◆ TASK DETAILS ◆
Quote exactly and only this range of lines in the data below: the line that holds "Vintage Roberto Cavalli" to the line that holds "Please inquire for additional images.", both included.

*** INPUT ***

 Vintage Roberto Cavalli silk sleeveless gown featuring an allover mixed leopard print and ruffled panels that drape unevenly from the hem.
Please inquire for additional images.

***
*** INPUT ***

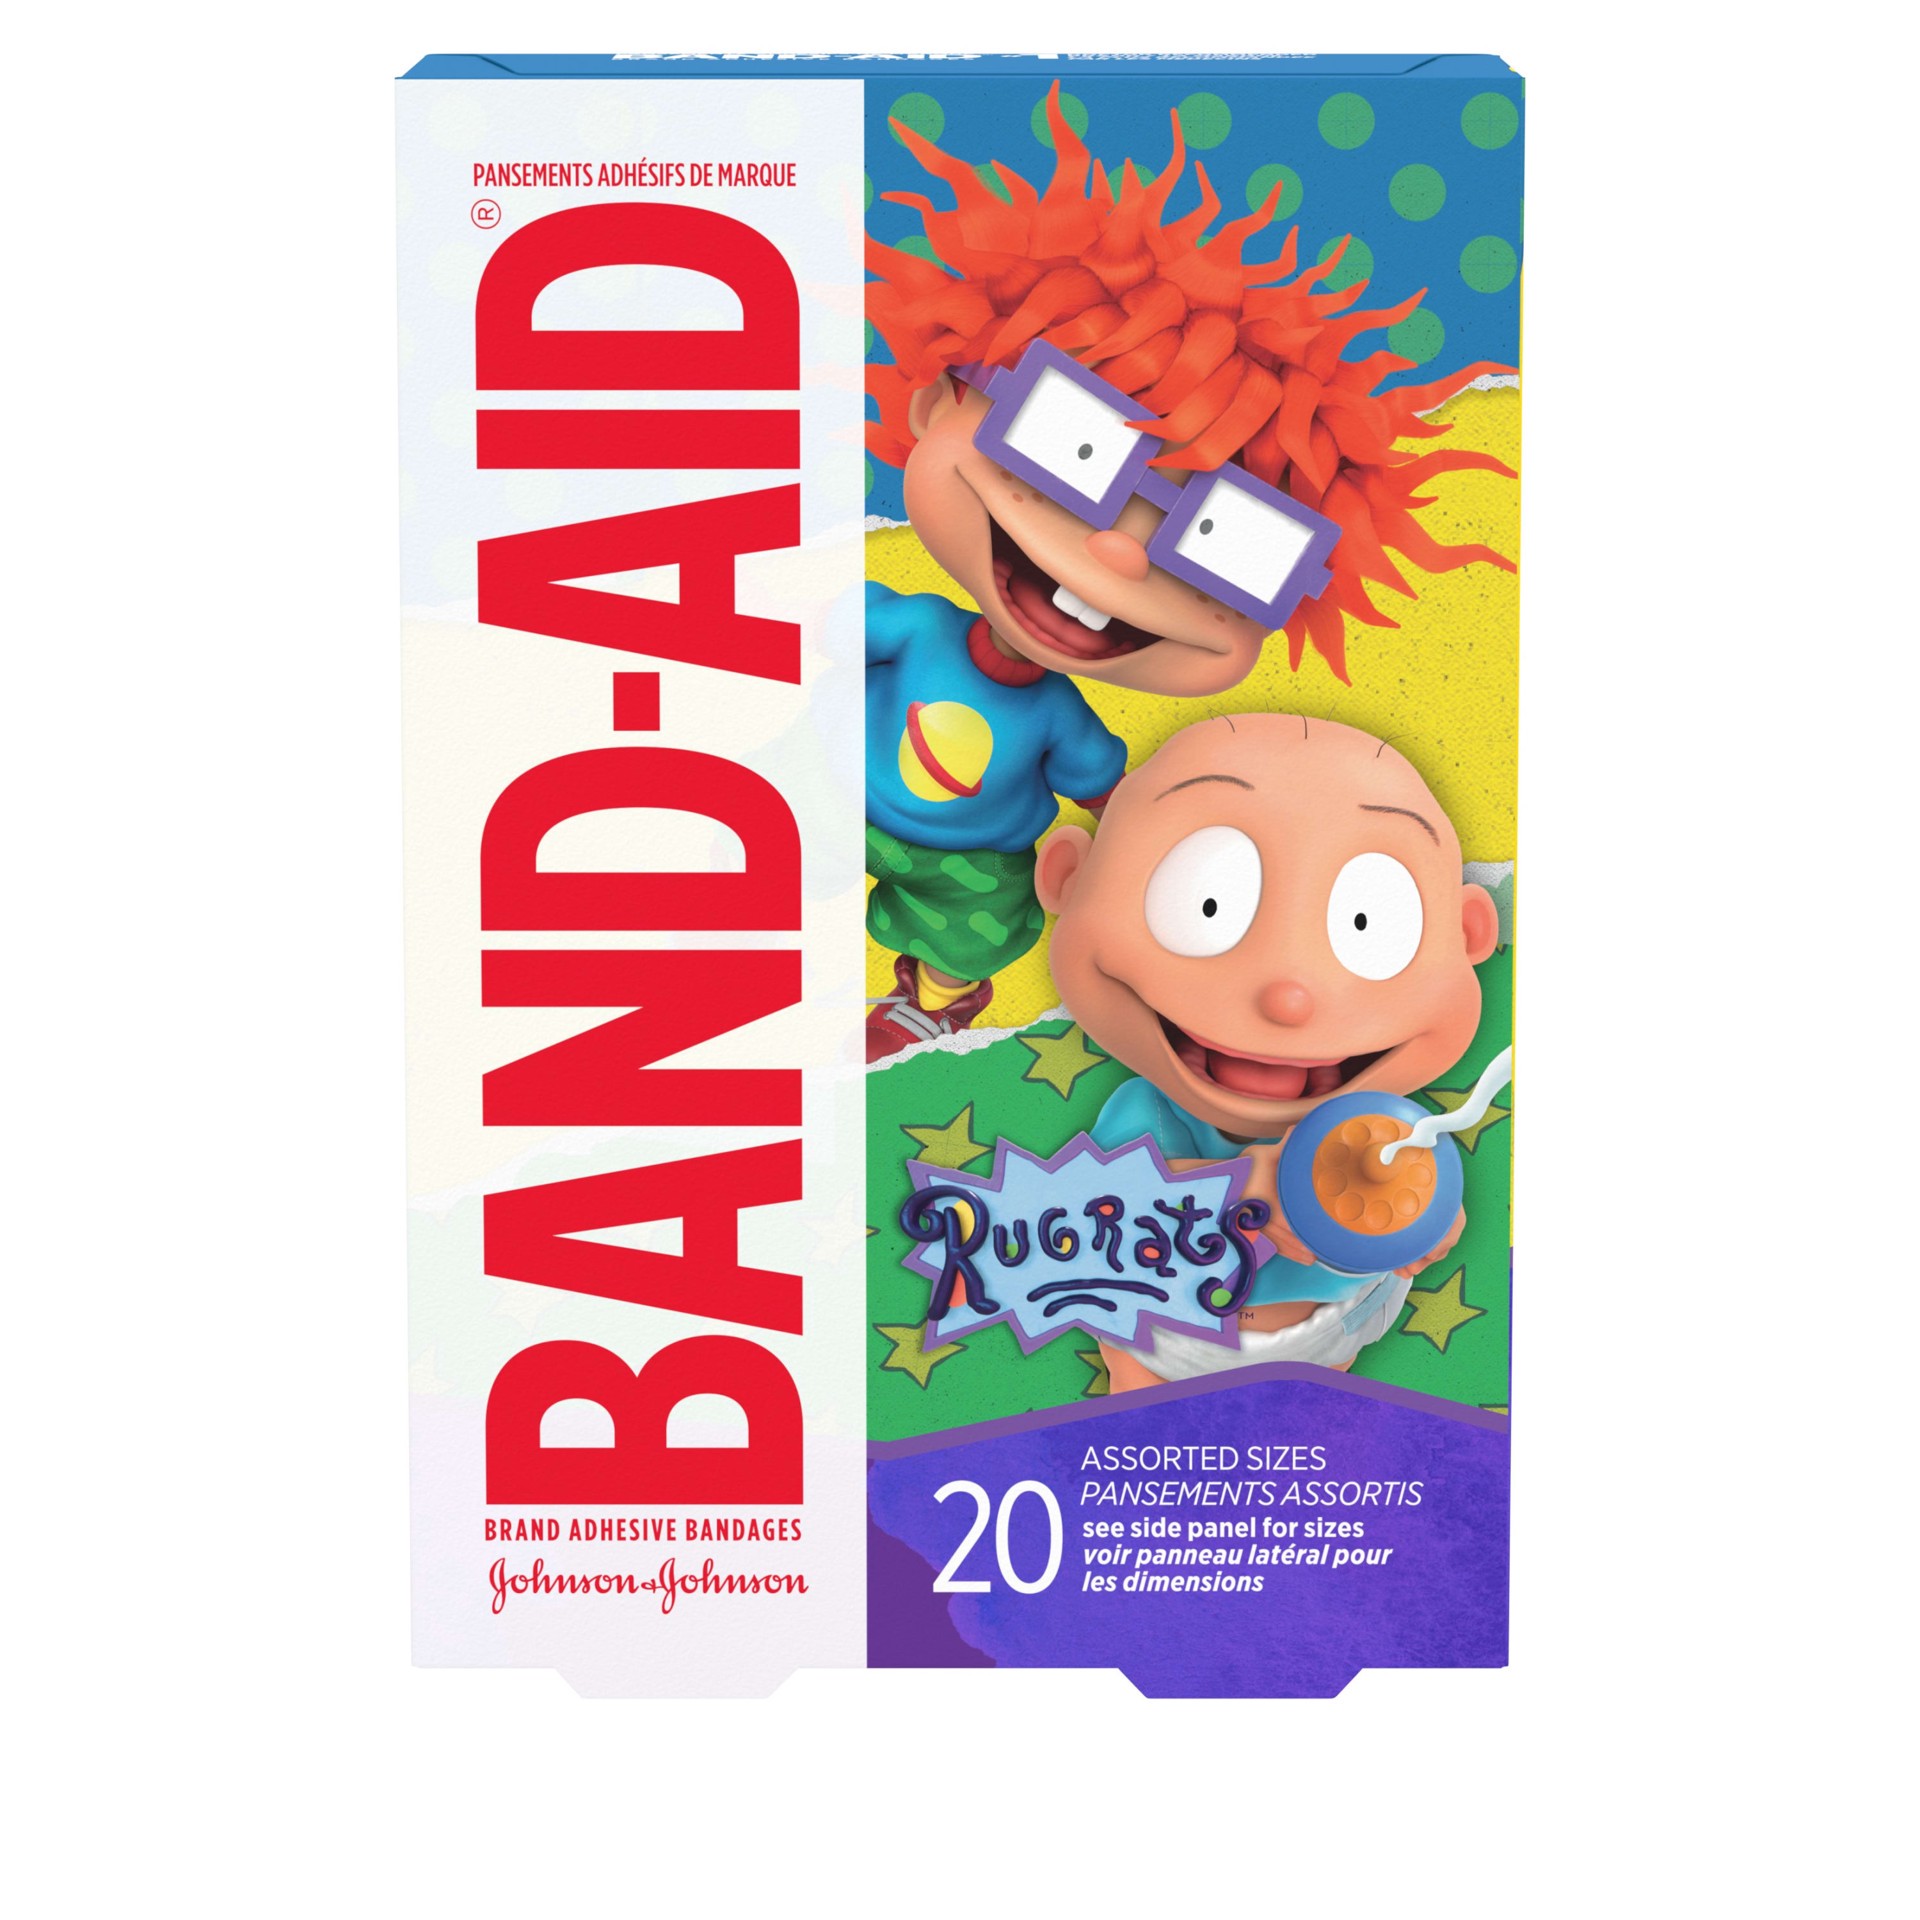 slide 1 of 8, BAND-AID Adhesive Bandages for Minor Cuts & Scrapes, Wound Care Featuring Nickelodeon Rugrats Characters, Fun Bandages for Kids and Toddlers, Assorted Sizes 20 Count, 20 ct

***
*** INPUT ***

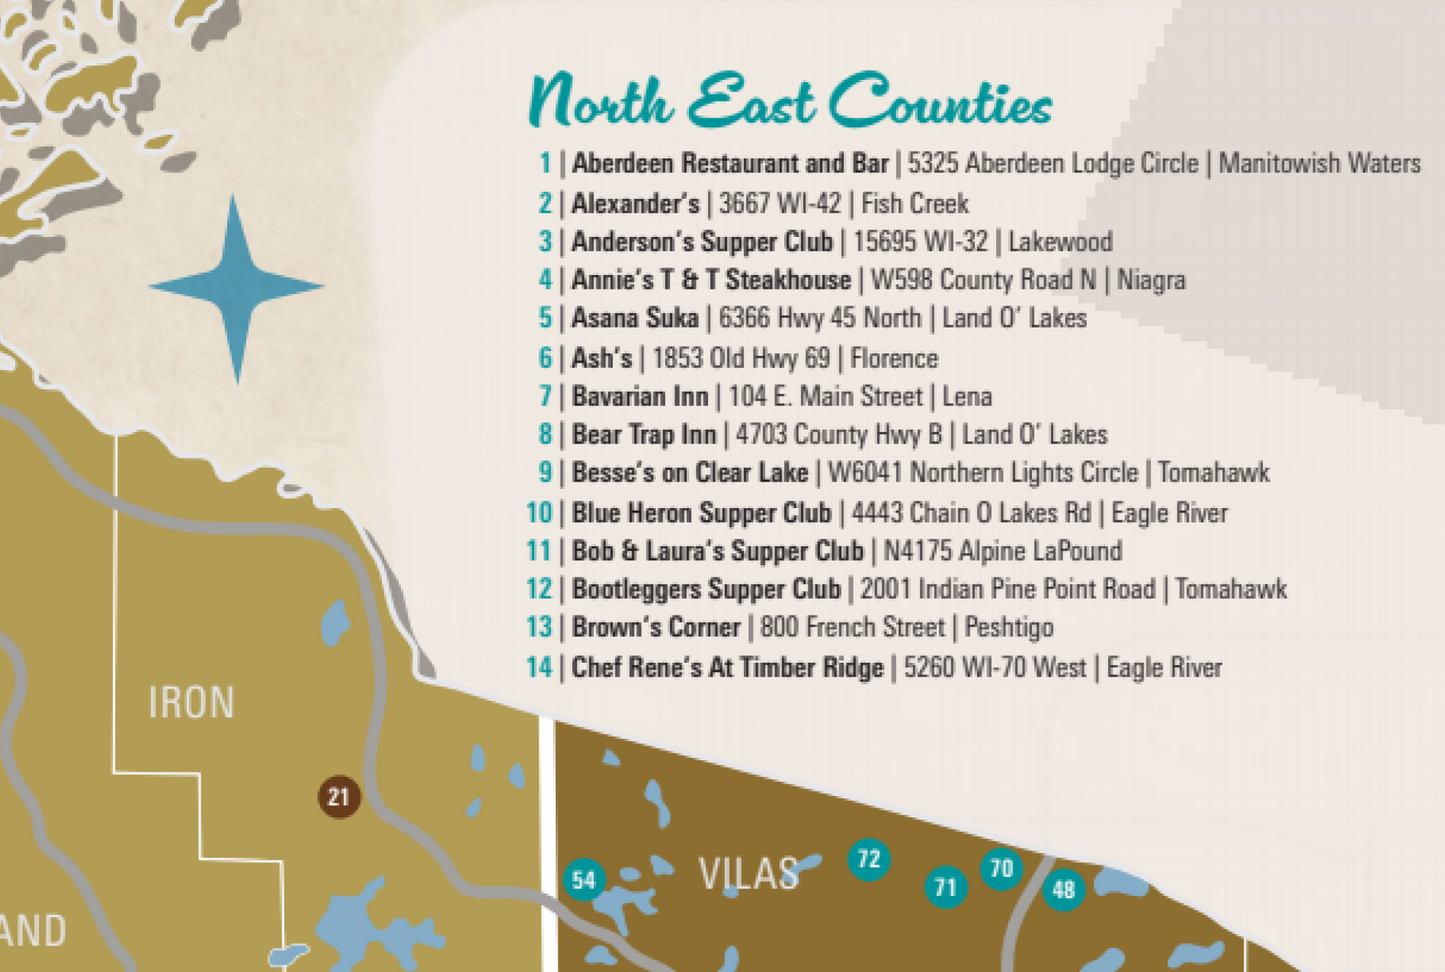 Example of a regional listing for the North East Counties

***

◆ WRITTEN RESPONSE ◆
 Vintage Roberto Cavalli silk sleeveless gown featuring an allover mixed leopard print and ruffled panels that drape unevenly from the hem.
Please inquire for additional images.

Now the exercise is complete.